The area of Mathematics called Logic has two dominating themes: Proving and Computing.
A mathematician often works with axioms, from which he proves theorems. This process
is analyzed (in an abstract way) in Logic. One starts by introducing a formal language, in which
mathematical statements can be written down: with variables, logical symbols for "and", "or", "not",
quantifiers "there is" and "for all", and special symbols for specific elements, operations or
relations that may differ from situation to situation.
The "statements" of this formal language can be interpreted in "real" mathematical structures, and
are then "true" or "false"; for example, the statement "2 is a square" is true in R, but false in Q.
A "formal proof" is a structured collection of formal statements, in such a way that it is
immediately clear what the conclusion is, what the premisses are and how each intermediate statement
follows from previously reached conclusions.
The most important theorem (Gödel's "Completeness Theorem"; not to be confused with his
"Incompleteness Theorems") says, that a formal statement occurs as the conclusion of a proof, precisely
when this statement is true in every possible interpretation.
This point of view enables us sometimes to prove, that for certain mathematical statements no proof can exist.
For instance the so-called "Continuum hypothesis" by Cantor, which says that every subset
of R is either countable, or in 1-1 correspondence with R itself. It has been proved that this
statement cannot be proved from the usual set of axioms for mathematics (see the paragraph on
Set Theory below. That doesn't make it false, because its negation cannot be proved
either!
During the Bachelor course "Foundations of Mathematics" you have been made familiar with the concepts of formal language, interpretation and formal proof.
The second theme, computing, is about the question: for which sort of decision problems in
mathematics can one devise an algorithm by which a computer can always give the right answer?
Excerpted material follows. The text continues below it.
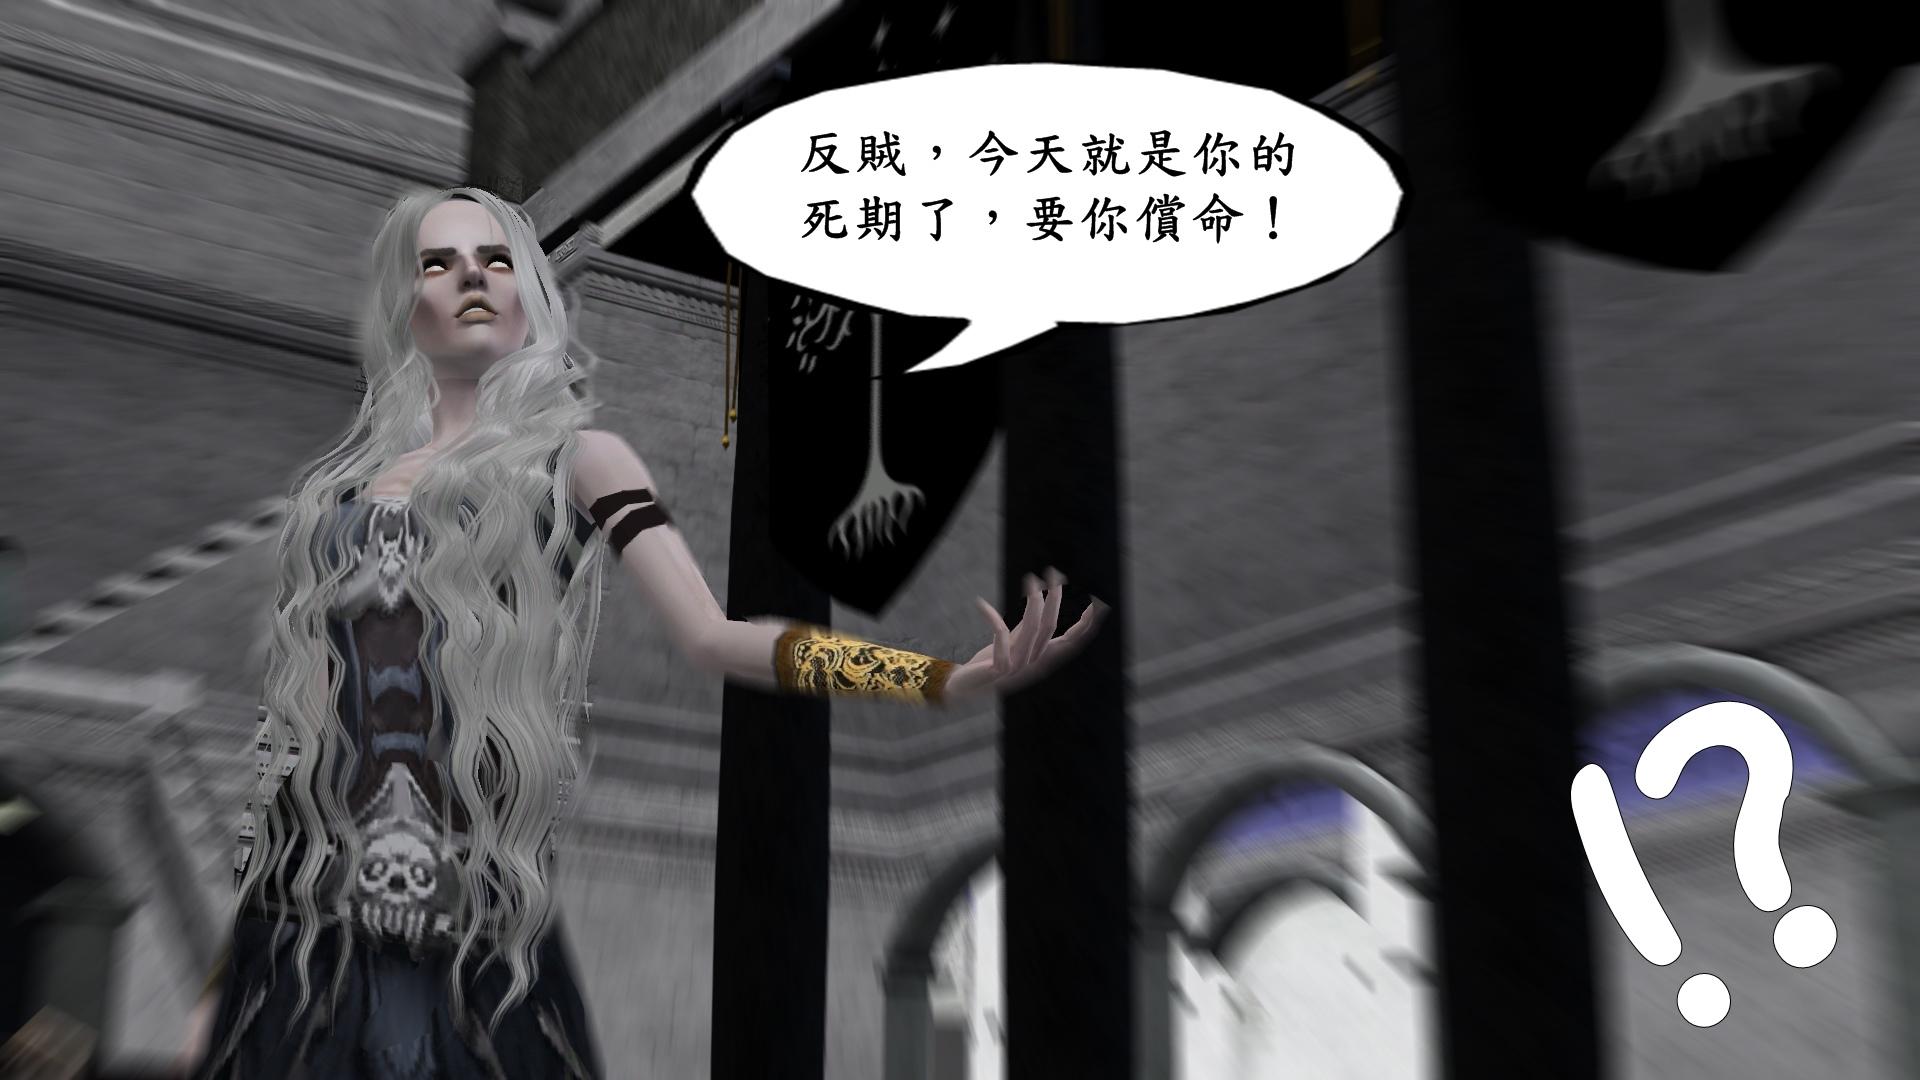 D04反賊,今天就是你的死期了,要你償命! (2).jpg

To give
an example: suppose a convergent sequence of rational numbers is given to us, together with information
about how fast the sequence converges. We want to determine whether the limit of this sequence is a
real number less than zero or greater than or equal to zero. The computer is allowed to successively
read a next element of the sequence, and compute with all elements obtained so far (as well as with the
rate of convergence). There is no program which always, in finite time, gives the right answer!
Starting from a formal definition of "algorithm", we get to the notion of "computable function": a
computable function from N to N (or from Z to Z) is a function for which there exists such an
algorithm.
An important theorem is about the image of such a computable function. We call a set of
k-tuples of elements of Z algebraic if it is the set of zeroes of a polynomial in k variables
with coefficients from Z. Matyasevic' theorem says: a subset of Z is the image of a computable
function, precisely if it is the projection of an algebraic set of k-tuples (for certain k). This
theorem allows one to show that there can be no algorithm for deciding whether a given polynomial with
integer coefficients, has integer zeroes.